# land!



## Hippy640 (May 21, 2015)

Hi all, I was wondering if there are any hunting clubs or even a prepper group in NJ or eastern /central Pa that is interested in new members or even hunting groups that hunt together..


----------



## bigg777 (Mar 18, 2013)

Just a thought here, you might want to change your username. Hippy..... is not going to excite too many people that are the conservative, middle America, hunting club type. Good luck.


----------



## Gians (Nov 8, 2012)

bigg777 said:


> Just a thought here, you might want to change your username. Hippy..... is not going to excite too many people that are the conservative, middle America, hunting club type.

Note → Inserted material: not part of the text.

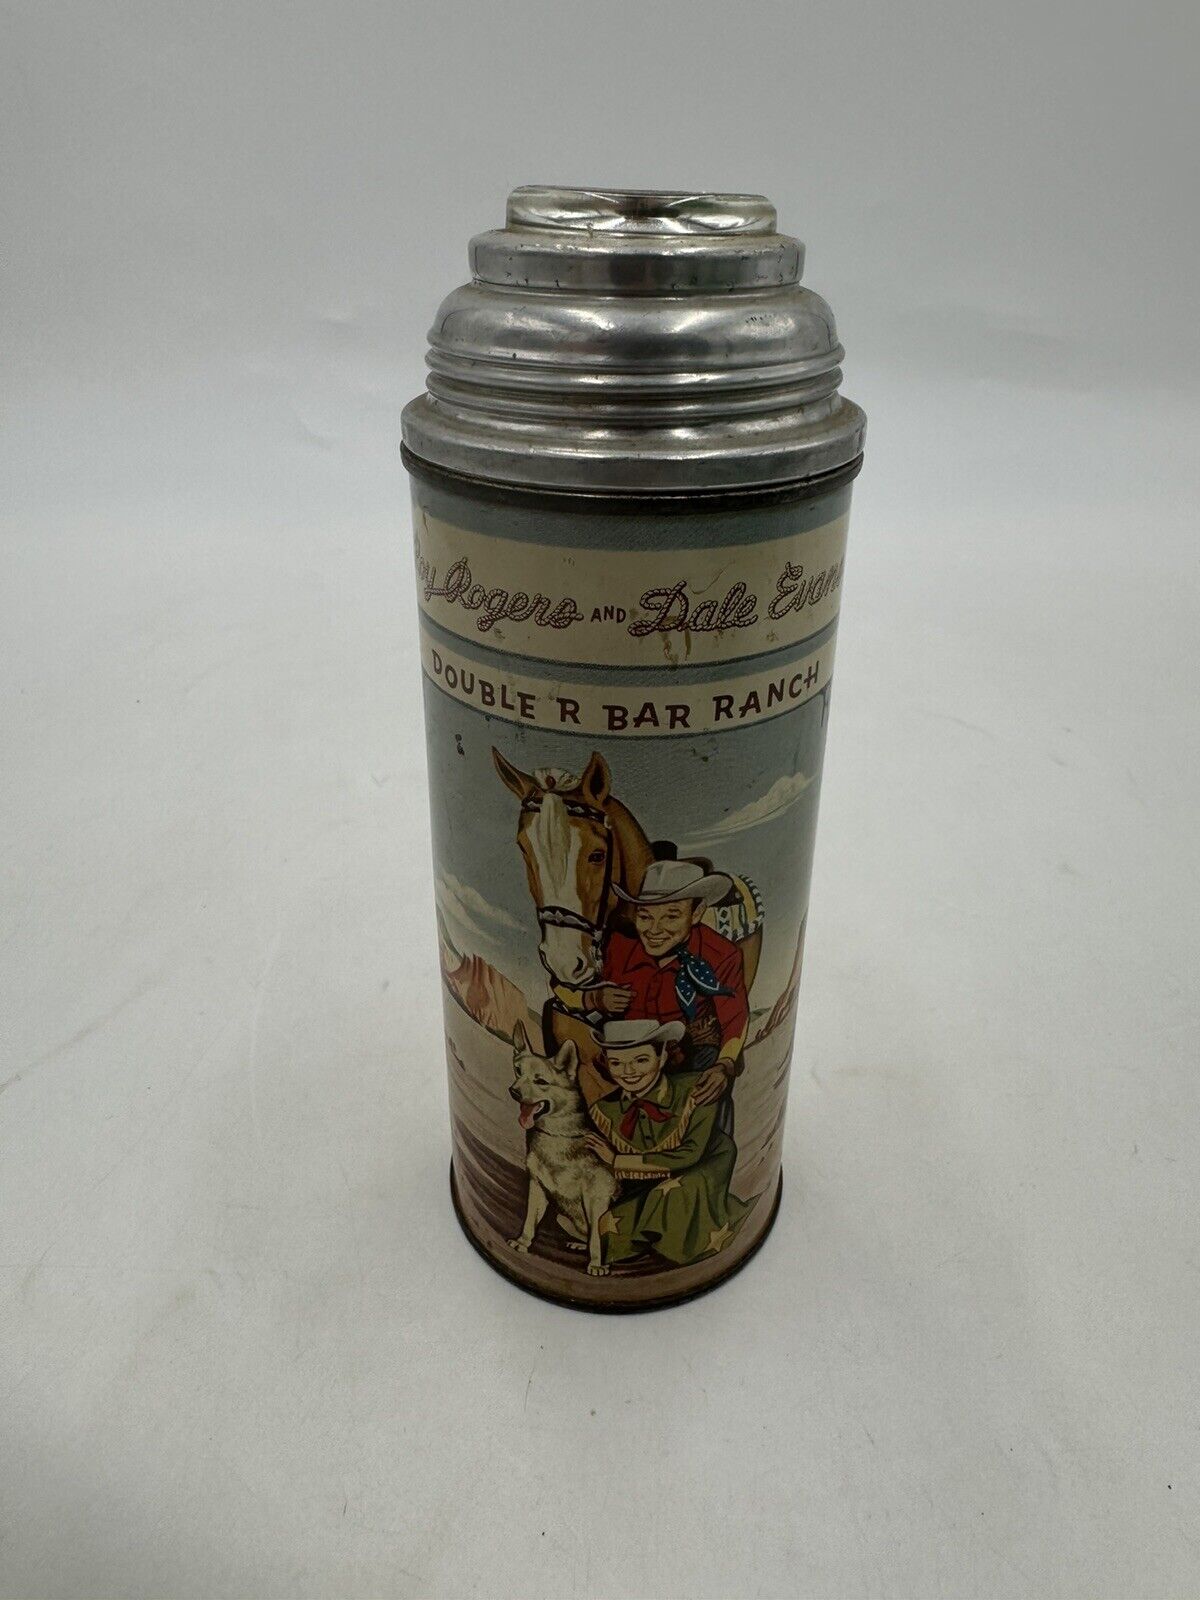 VTG Roy Rogers Dale Evans Double R Bar Ranch Metal Thermos 1950s No Cap

Good luck.


Lets leave it up to admin what isn't acceptable.


----------



## Country Living (Dec 15, 2009)

Gians said:


> Lets leave it up to admin what isn't acceptable.


I took Biggs suggestion about the OPs forum name just as it was stated: a potential hunting club might be put off by someone who uses the word "hippy" in their forum name. However, the appropriate spelling for a child of the '60s is "hippie" so it's possible "hippy" might imply something other than a state of mind.

It might have been helpful had the OP told us how much experience he has with guns and hunting. If the answer is "none", then there would be some suggestions on how to get started with gun selection and practice. Few established hunting clubs want a novice - whom they've never met - in the middle of their ranks until some credibility has been established.

IMHO.


----------



## crabapple (Jan 1, 2012)

I have never been to NJ, bu you couldry gun ranges & gun shops to find groups.
Good Luck!


----------



## marlas1too (Feb 28, 2010)

you might try here http://virginiapreppersnetwork.blogspot.com/
they seem to know


----------